**What is required**:
When the line with "Moodo smart-home fragrance" turns up below, begin repeating exactly, and carry on through the line with "Shoes lined up"; no pictures go into the copy.

**Data for the task**:
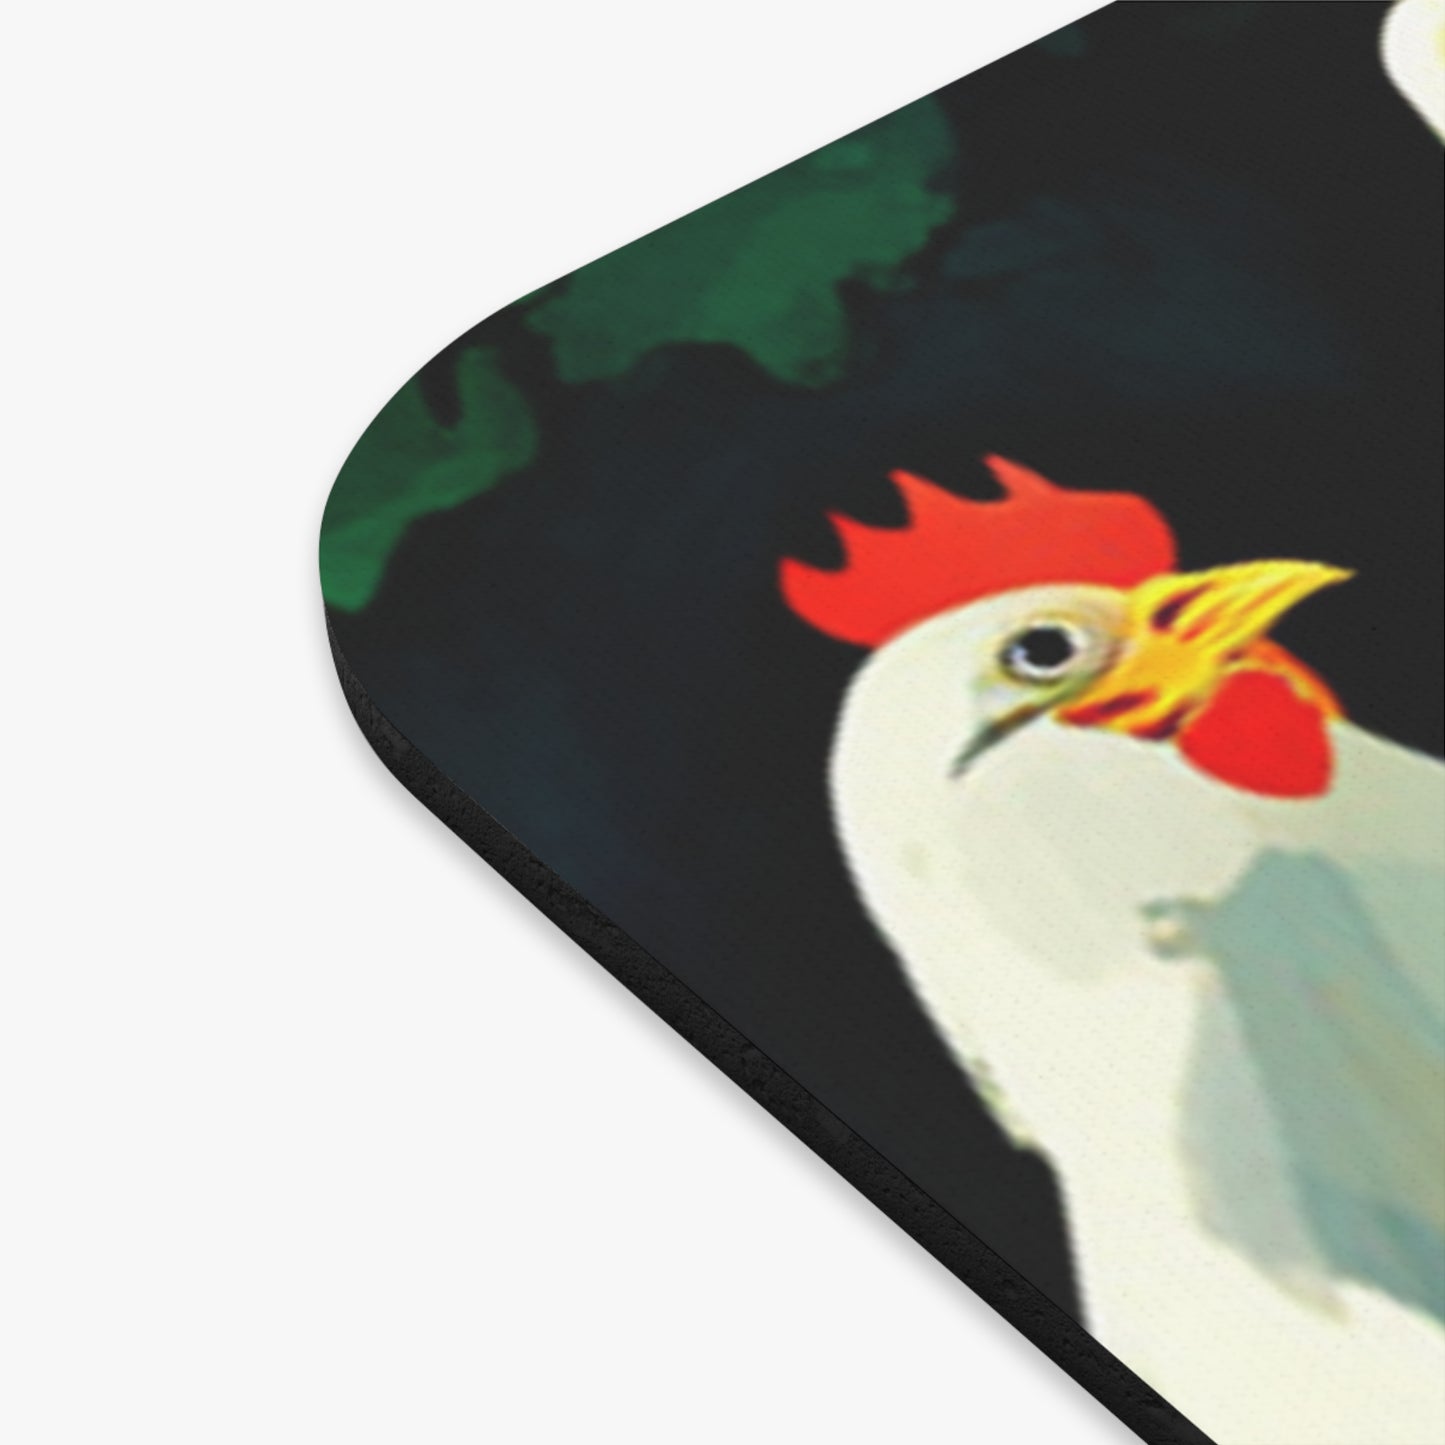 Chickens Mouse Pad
* * *
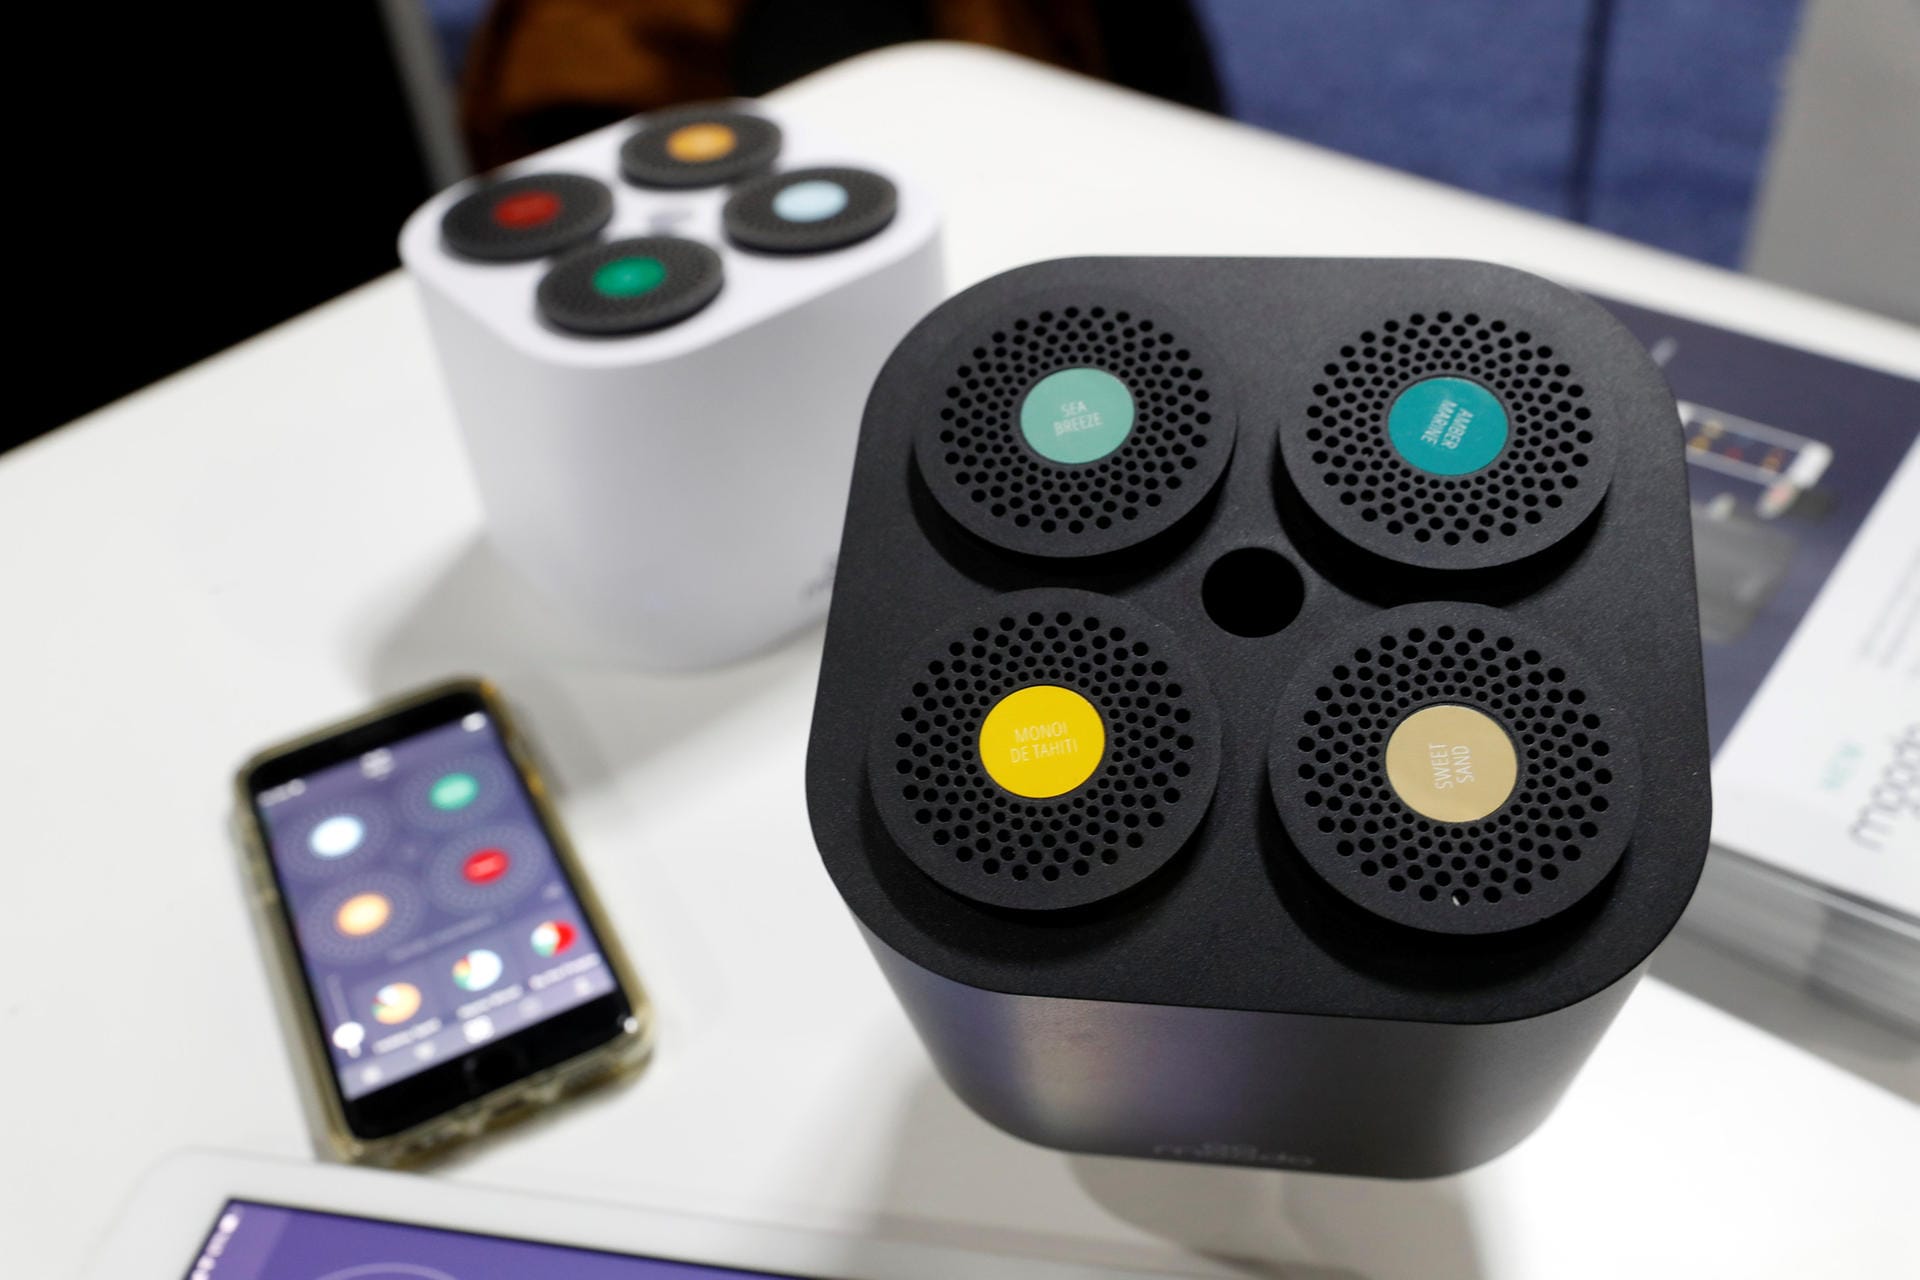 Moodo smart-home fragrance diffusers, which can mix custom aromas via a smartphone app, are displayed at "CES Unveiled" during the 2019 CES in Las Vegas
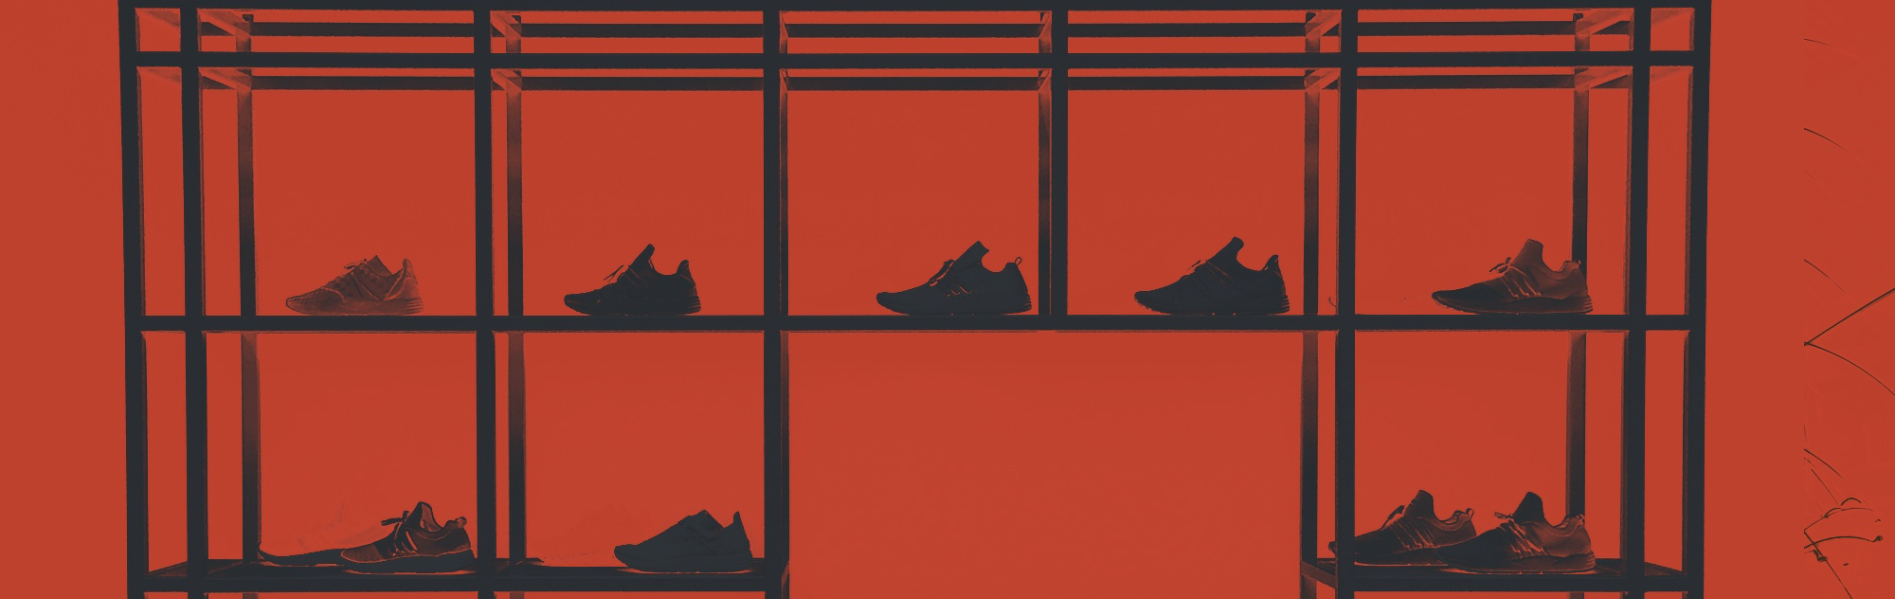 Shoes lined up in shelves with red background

**Result**:
 Moodo smart-home fragrance diffusers, which can mix custom aromas via a smartphone app, are displayed at "CES Unveiled" during the 2019 CES in Las Vegas
 Shoes lined up in shelves with red background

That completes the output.